THIS SHORT Q&A IS AN INTERVIEW REFLECTING A REAL MENTAL ILLNESS VICTIM'S TRUTHS.
THEIR IDENTITY WILL BE KEPT ANONYMOUS FOR RESPECTIVE PURPOSES.
Daion Stanford: How do you identify with mental illness?
A: Well, I’m currently dealing with depression but I don’t voice it much.
Stanford: When you say you don’t “voice it,” what exactly do you mean by that? Do you mind elaborating?
A: Well honestly, because of how everyone mistreats people who suffer from different things like bipolar disorder, schizophrenia, or even dementia, it’s sort of like a discouragement. I mean, I’ll never go shouting out I have depression, but sometimes, people like me actually need someone to talk to… people that understand I mean.
Stanford: Do you feel it is important for people to be informed about mental health?
A: Of course! There are so many misconceptions and assumptions about mental illness and people who are dealing with it… so much judgment and shaming. It’s so disgusting. People like me should feel at least some type of ‘okay’ to disclose mental illness concerns. But I don’t. There’s more to it that people are unaware of and I think that’s what upsets me the most. I see so many things on TV, you know like when that officer killed that black guy? He suffered from mental illness too, but they didn’t care. All they saw was a man with darker skin than theirs who appeared ‘hostile.’ It’s more than society that needs awareness, but law enforcement officials too. They literally suck when it comes to the effective handling of mentally ill individuals.
Stanford: Do you think many sufferers of mental illness internalize their thoughts and issues?
A: *sarcastically chuckles* Hell, I do. What else am I supposed to do? Think about it. We get shut down when we decide to open up. Reasons why I choose not to. I mean, I’ll talk to a close girlfriend of mine or even my therapist, but I’m even hesitant then. After awhile--well, for me at least--it’s more about keeping my business simply mine. I feel as though in order to maintain some bit of happiness, I have to just deal with my issues the best way that I can with the resources I already have.
Stanford: Do you find yourself lacking self-esteem or confidence?
A: Hmmm. Yes and no. Majority of the time, I’m cool, calm. Chillin’. Just good. Then other times, I think about how difficult it is for me to even want to be out socializing with people. Honestly, I don’t even like being around people.
Stanford: Would you say stigma plays a role in perpetuating the feeling in mental health victims that they have somehow failed?
A: Stigma is bull-crap if you ask me. It’s pure hatred, discrimination for real. I used to feel like a failure a lot, only because I felt like I would never progress mentally and emotionally. But then, something overcame me, like this hidden faith I somehow had. Something told me I’ll be alright, and honestly. I’m alright...
Many people wait until someone hurts themselves to be able to finally see the seriousness of mental health and its effects on its victims. Harsh? Not at all. You see, because people persistently talk negatively about mental health and those who are currently suffering from it as if it’s a joke,or just “not that serious.” So, simply put, until someone’s best friend, cousin, or uncle harms themselves, no one takes them seriously.
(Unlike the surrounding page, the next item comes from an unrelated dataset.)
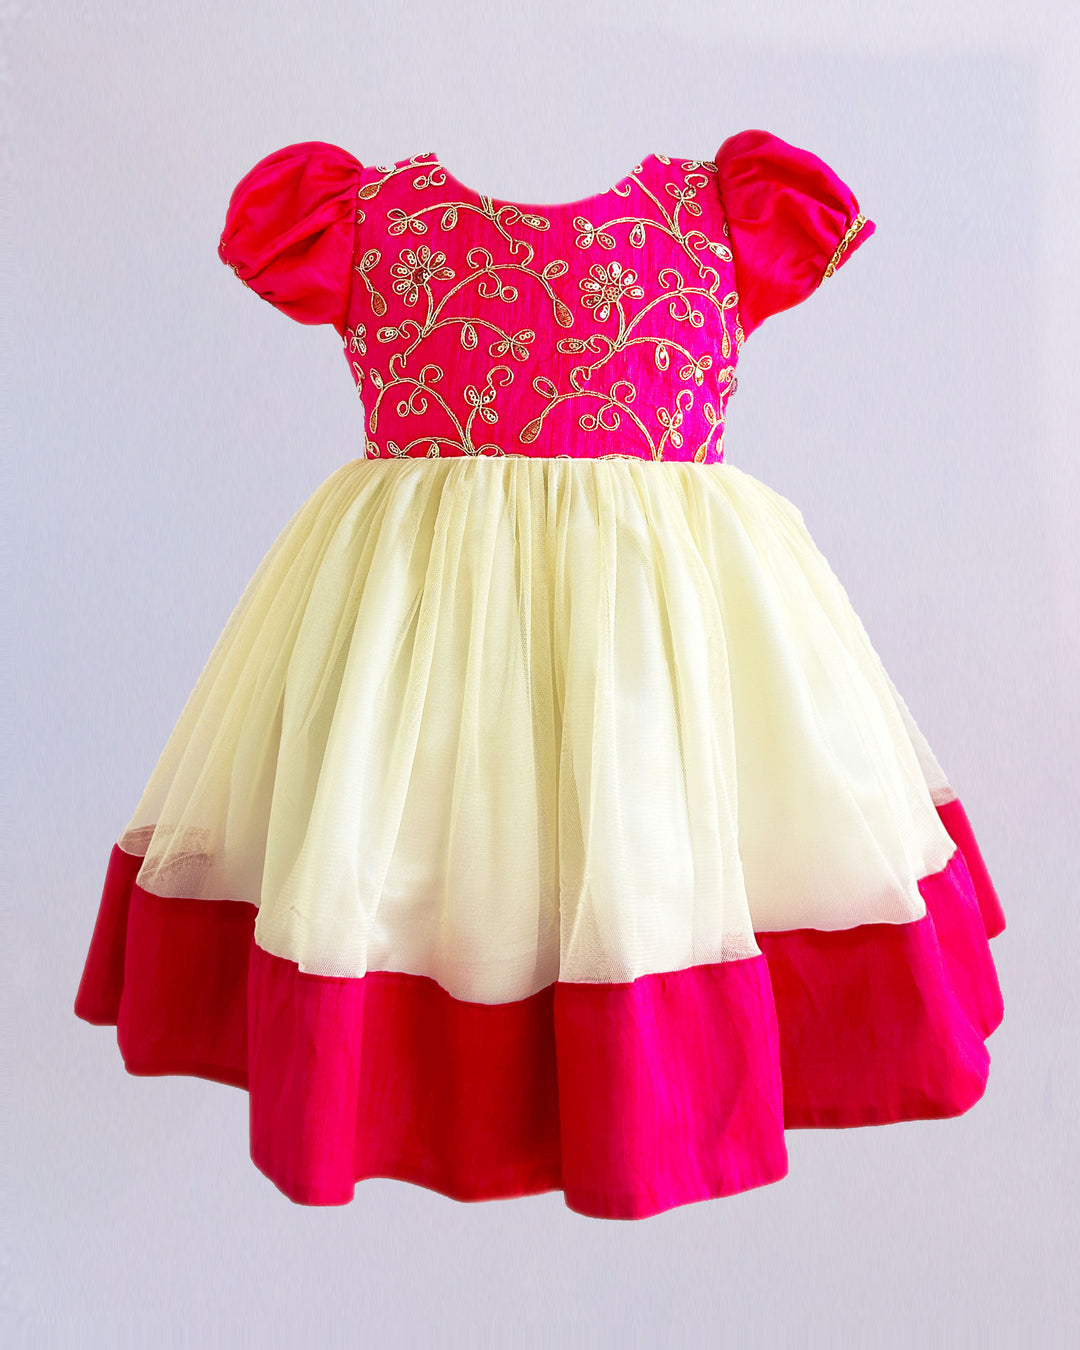 baby frocks kids dresses  kids dresses online stanwells kids frocks for 1-2 years birthday dresses pink theme frocks

Don’t wait until it’s too late to be informed. Check on your loved ones. Because of the stigma surrounding mental illness, victims often find it difficult to come forward and acknowledge their illness. Most times, victims tend to believe they did something wrong when they did not. It’s normal for sufferers to feel this way, further encouraging their hurt and embarrassment. The Fact of the matter is mental health is important and deserves more dialogue throughout different communities to increase understanding and awareness.
Different conversations need to happen in order to understand those who suffer from mental illness and the strategies needed for implementation. Sufferers often experience a double stigma when dealing with their illness(es). They not only have to endure the effects and disabilities of their illness(es) but also the prejudices, injustices, and misconceptions about mental illness/health. Often times, people are unaware that the stigma surrounding mental health prevents victims from actively and comfortably socializing with diverse groups of people and obtaining employment opportunities. A mental health awareness truth would be acknowledging that the “stigma” of mental health victims is another form of discrimination. The negative stereotypes that shame those with mental illness and prevent them from seeking help don’t just constitute stigma ― they’re discrimination. It’s a blatant, prejudicial outlook on a certain population.
Understanding and awareness is where progress can begin. People must understand that mental illness does exist and it is essential to understand the depth and scope of the misconceptions and prejudices against sufferers of mental illness. Be real with yourself. If it was your mom or auntie, you would care much more than you do now. But at the same time, it’s probably one of your close friends at the moment. You just never know. Educate yourself on topics that hold weight because you can never know too much information.
Personal Definition of Mental Illness: Mental illness is maneuvering, exploring, and navigating through an unappealing lifestyle, while internalizing lies and the lack of contentment, with the need for external support to manage stress.